*What to work on:* The answer is the full listing below, copied exactly, with its pictures omitted.

*Data block:*

· · · · · · ·

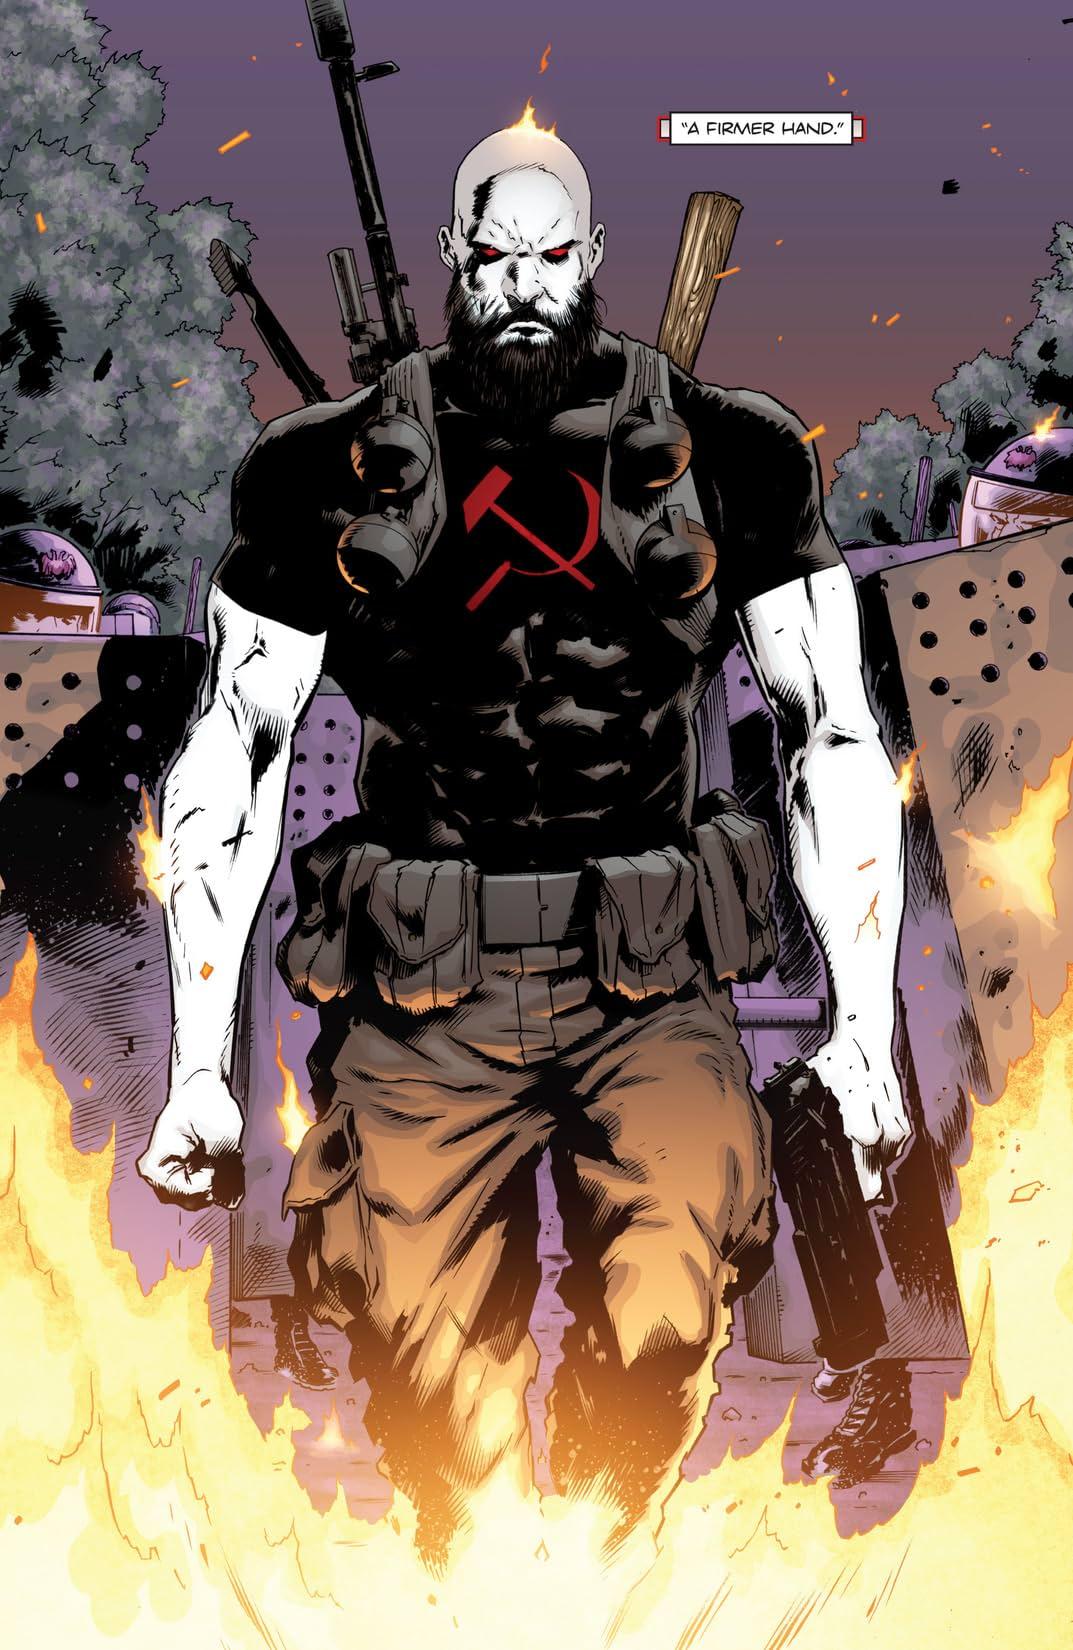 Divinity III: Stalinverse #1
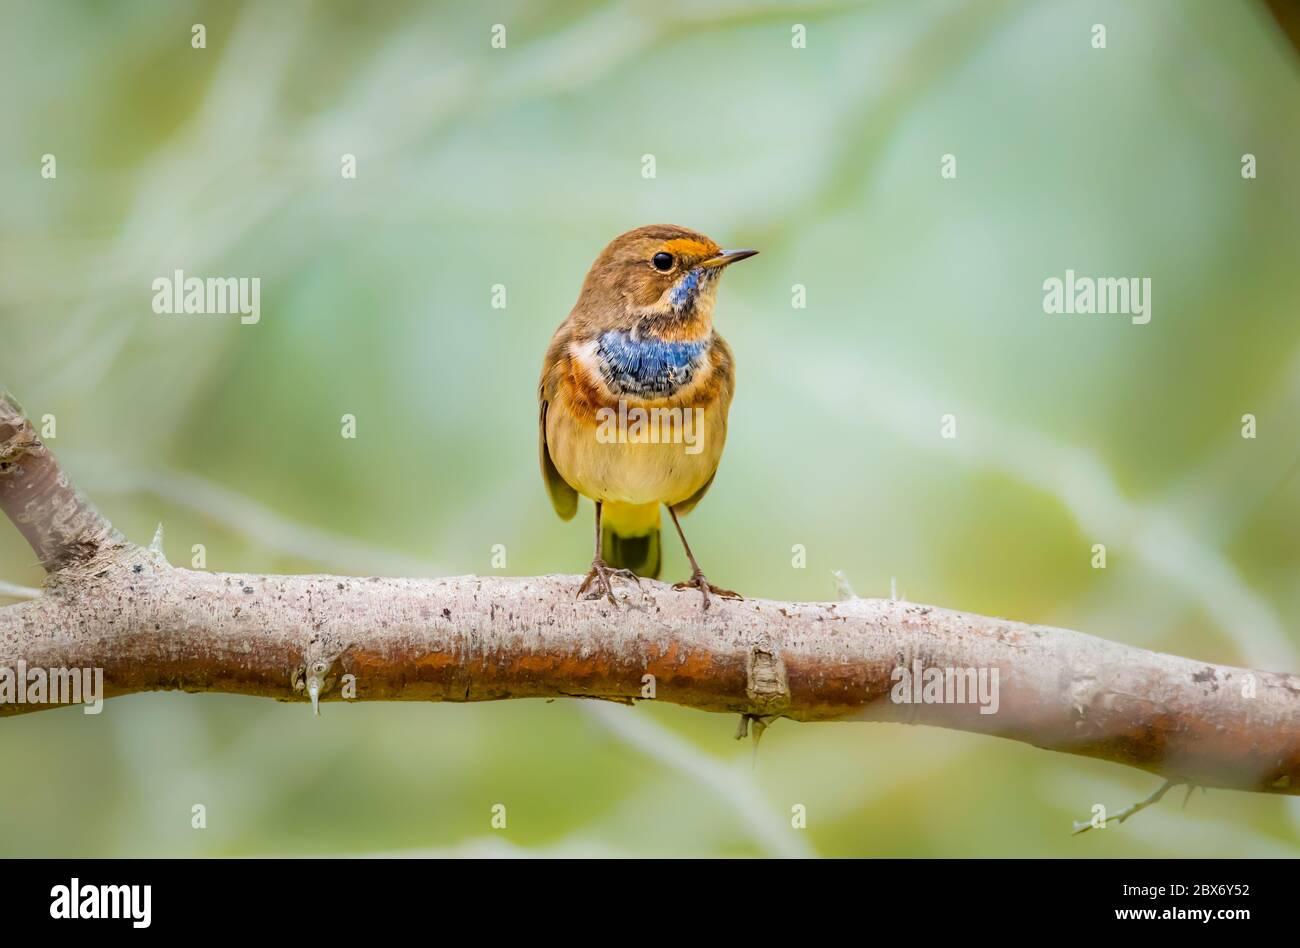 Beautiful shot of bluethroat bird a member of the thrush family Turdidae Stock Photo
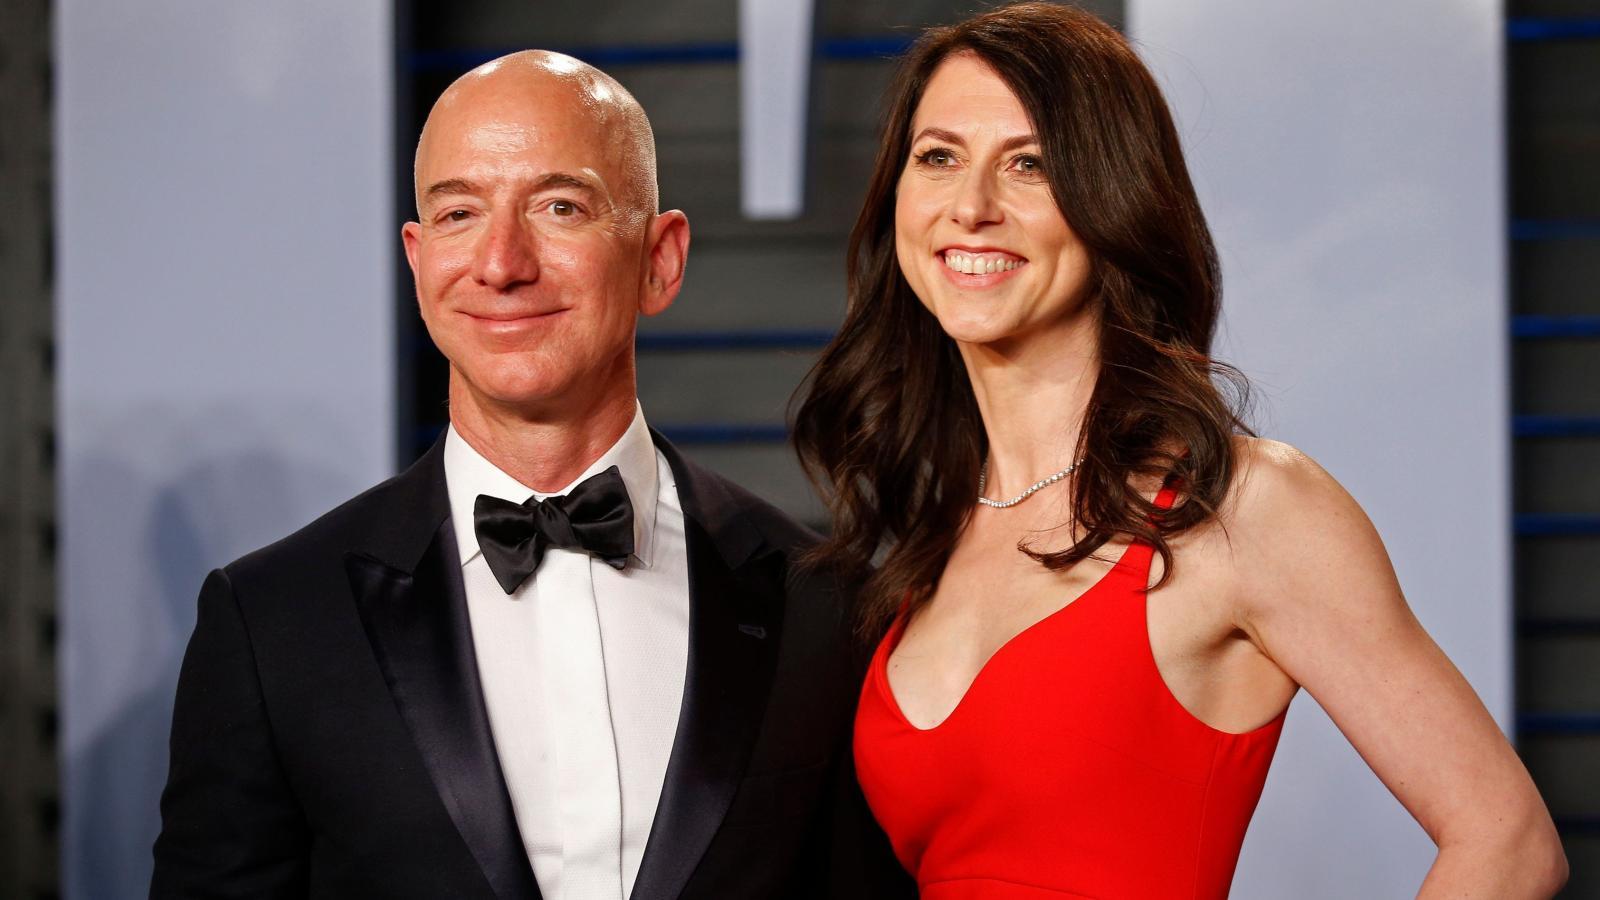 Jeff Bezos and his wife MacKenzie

· · · · · · ·

*Exercise solution:*
 Divinity III: Stalinverse #1
 Beautiful shot of bluethroat bird a member of the thrush family Turdidae Stock Photo
 Jeff Bezos and his wife MacKenzie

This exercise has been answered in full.